Download or read book Frankenstein written by Sidney Perkowitz and published by Pegasus Books. This book was released on 2018-01-02 with total page 0 pages. Available in PDF, EPUB and Kindle. Book excerpt: Few creations have risen from literary origins to reach world-wide importance like Frankenstein. This landmark volume celebrates the bicentenary of Mary Shelley's creation and its indelible impact on art and culture. The tale of a tormented creature created in a laboratory began on a rainy night in 1816 in the imagination of a nineteen-year-old Mary Wollstonecraft Shelley, newly married to the celebrated Romantic poet Percy Shelley. Since its publication two years later, in 1818, Frankenstein: Or, the Modern Prometheus has spread around the globe through every possible medium and variation. Frankenstein has not been out of print once in 200 years. It has appeared in hundreds of editions, perhaps more than any other novel. It has inspired a multitude of stage and screen adaptations, the latest appearing just last year. “Frankenstein” has become an indelible part of popular culture, and is shorthand for anything bizarre and human-made; for instance, genetically modified crops are “Frankenfood.” Conversely, Frankenstein’s monster has also become a benign Halloween favorite. Yet for all its long history, Frankenstein's central premise—that science, not magic or God, can create a living being, and thus these creators must answer for their actions as humans, not Gods—is most relevant today as scientists approach creating synthetic life. In its popular and cultural weight and its expression of the ethical issues raised by the advance of science, physicist Sidney Perkowitz and film expert Eddy von Muller have brought together scholars and scientists, artists and directions—including Mel Brooks—to celebrate and examine Mary Shelley’s marvelous creation and its legacy as the monster moves into his next century.
Book Synopsis Frankenstein's Monster by : Susan Heyboer O'Keefe
Download or read book Frankenstein's Monster written by Susan Heyboer O'Keefe and published by Crown. This book was released on 2010-10-05 with total page 354 pages. Available in PDF, EPUB and Kindle. Book excerpt: A gothic horror story that imagines what happens to Frnkenstein's monster after the death of his creator, Victor. What becomes of a monster without its maker? At the end of Mary Shelley’s classic novel, the creator dies but his creation still lives, cursed to a life of isolation and hatred. Frankenstein’s Monster continues the creature’s story as he’s compelled to discover his humanity, to escape the ship captain who vowed to the dying Frankenstein to hunt him down—and to resist the woman who would destroy them all.

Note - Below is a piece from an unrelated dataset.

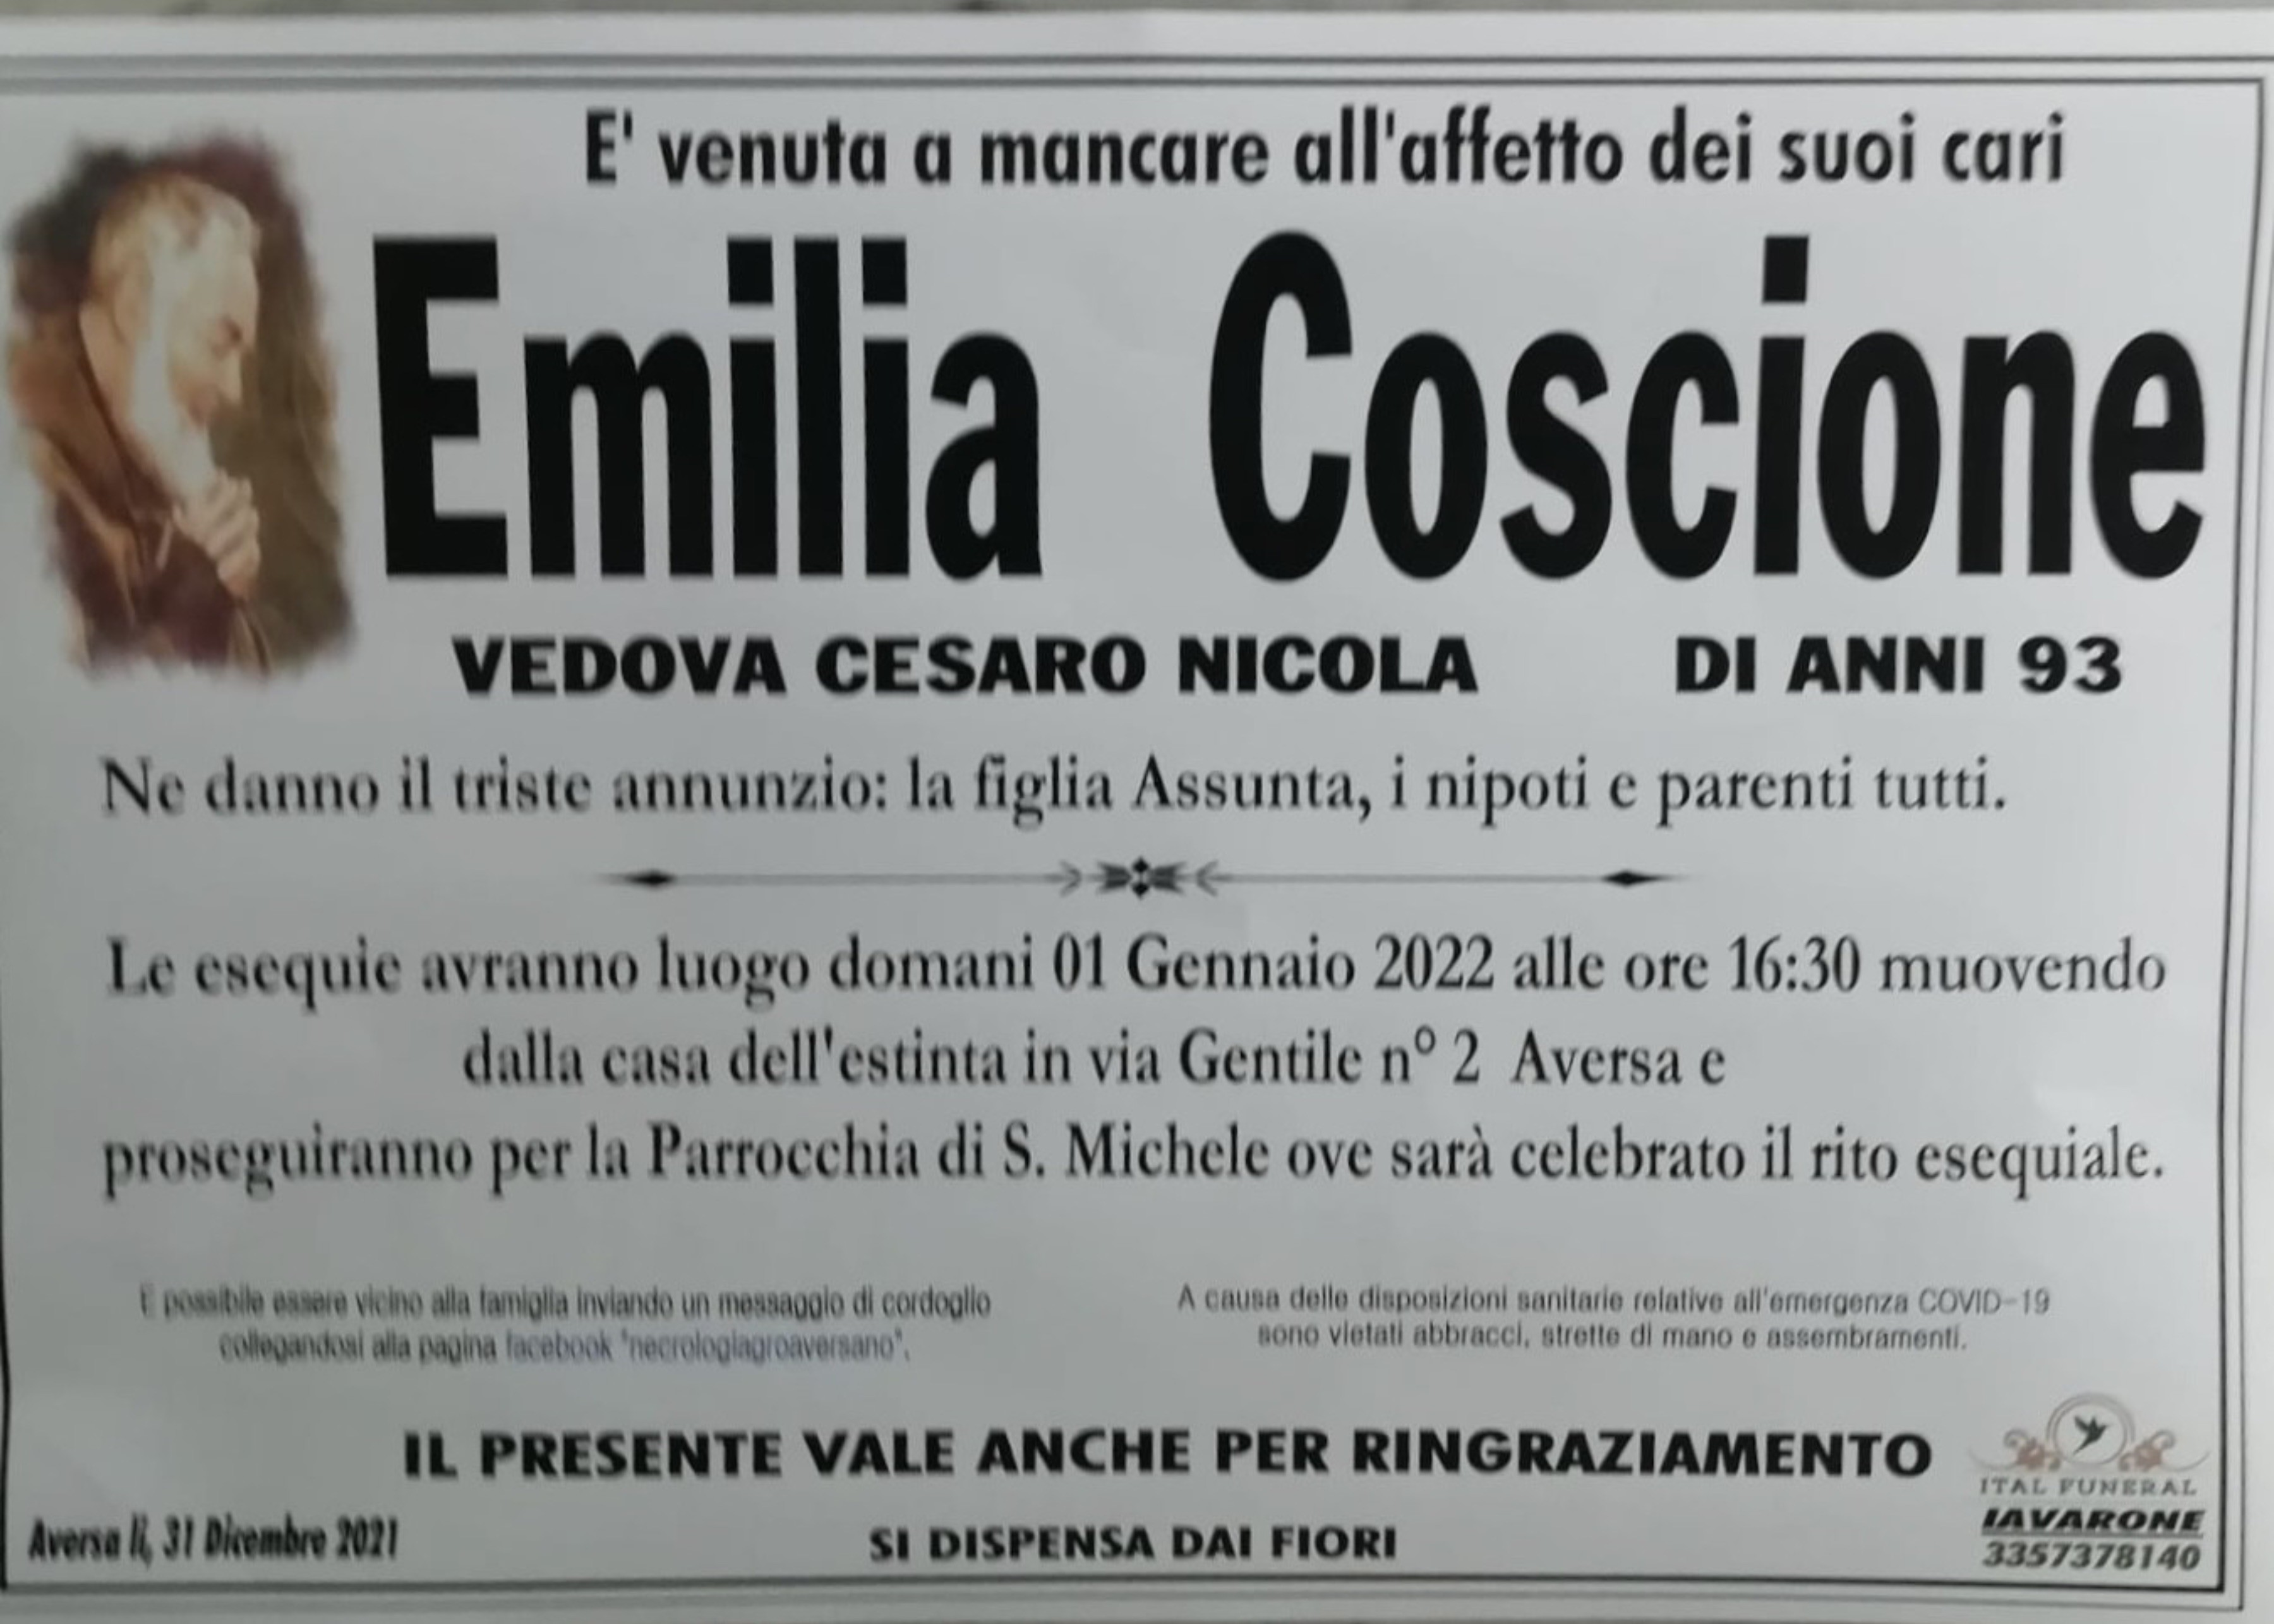 Emilia Coscione

This is a tale of passion, revenge, violence, and madness—and the desperate search for meaning in an often meaningless world.
Download or read book A Monster's Notes written by Laurie Sheck and published by Knopf. This book was released on 2012-01-17 with total page 548 pages. Available in PDF, EPUB and Kindle. Book excerpt: “A remarkable creation, a baroque opera of grief, laced with lines of haunting beauty and profundity.” —The Washington Post Now in paperback, the bold, genre-defying book that asked: What if Mary Shelley had not invented Frankenstein's monster at all but had met him when she was a girl of eight, sitting by her mother's grave, and he came to her unbidden? In a riveting mix of fact and poetic license, Laurie Sheck gives us the "monster" in his own words: recalling how he was "made" and how Victor Frankenstein abandoned him; pondering the tragic tale of the Shelleys and the intertwining of his life with Mary's (whose fictionalized letters salt the narrative, along with those of her nineteenth-century intimates); taking notes on all aspects of human striving--from Gertrude Stein to robotics to the Northern explorers whose lonely quest mirrors his own--as he tries to understand the strange race that made yet shuns him, and to find his own freedom of mind.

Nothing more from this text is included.